The generators produced electricity at a cost of $0.17/kWh. (227 g/kWh and $750/t)
The annual energy consumption for these three machines amounted to 297,600 kWh or $53,592 per year. The totality of this energy can be provided by the diesel engines waste heat.
The project cost $165,000 and the return required by the shipowner was 8%.
The project actually yielded 18.7% over 5 years… a hard-to-beat result!
Reduction of 228 tons of CO2 equivalent (potential PETMAF subsidy: $228,000)
This ship had a main sea water cooling pump that consumed 35 kW, 24/24, 300 days per year.
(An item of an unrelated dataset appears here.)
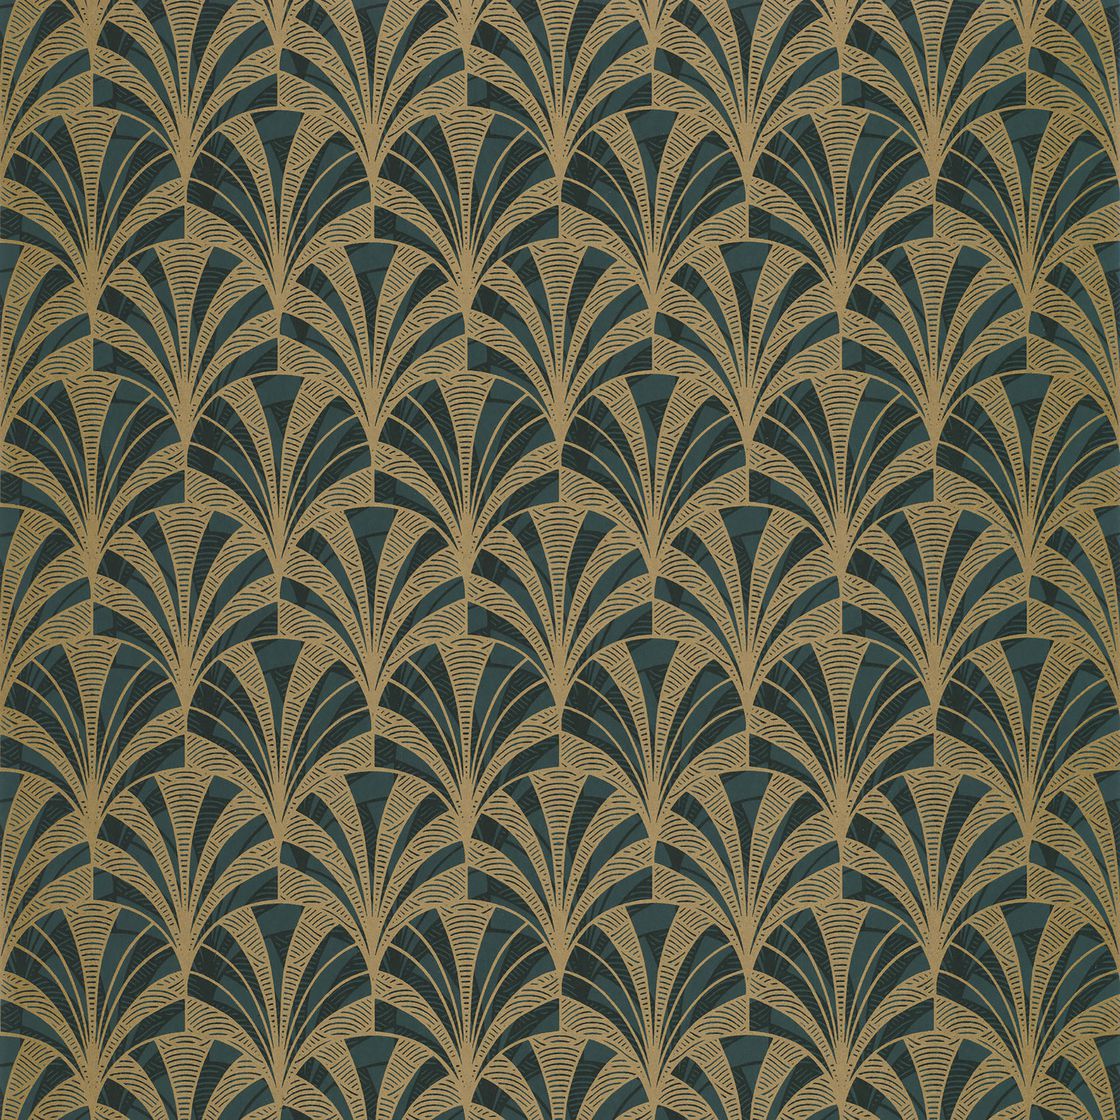 Palmette Wallpaper

We replaced the pump by a model that was 10% more efficient and installed a variable speed drive that was controlled according to seawater temperature and the thermal load.
Consumption before the changes = 252,000 kWh
The generators produced electricity at a cost of $0.08/kWh. (220g/kWh and $350/t).
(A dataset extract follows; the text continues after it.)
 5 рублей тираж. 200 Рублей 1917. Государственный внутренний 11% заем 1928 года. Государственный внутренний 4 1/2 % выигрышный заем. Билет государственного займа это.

Annual fuel cost = $20,160
Project cost = $52,500
The return required by the shipowner was 8%.
After the changes, energy consumption dropped to 100,000 kWh.
A savings of $12,160$ per year.
This project yielded a 10.3% return over 5 years.
Reduction of 107 tons of CO2 equivalent (potential PETMAF subsidy: $107,000).
On this ship, the compressed air consumption stood at 1,000 m3/day, 350 days per year. All of the air was produced by a main air compressor set at 22 bars (5.5 m3/kWh).
Since 95% of the air was consumed at 6 bars, it was decided that an auxiliary service air compressor would be installed, that would also feed the main engine controls (Class approved).
The project cost was $17,000 and the return requited by the shipowner was 8%.
The cost of energy was $0.18/kWh.
The new compressor produced air at 12.5 m3/kWh for a savings of 35,600 kWh or $6,400 peryear.
This project yielded a 28.8% return over a 5-year period.
Reduction in GHG emissions of 25.0 tons (potential PETMAF subsidy of $25,000)
On this ship, the fans in the machine room functioned in manual mode: fast, slow or turned off. Because outdoor temperatures and diesel engine loads fluctuated constantly, it was decided to automate the fan speeds so that they functioned in sync with the engine room temperature and the diesel engines needs.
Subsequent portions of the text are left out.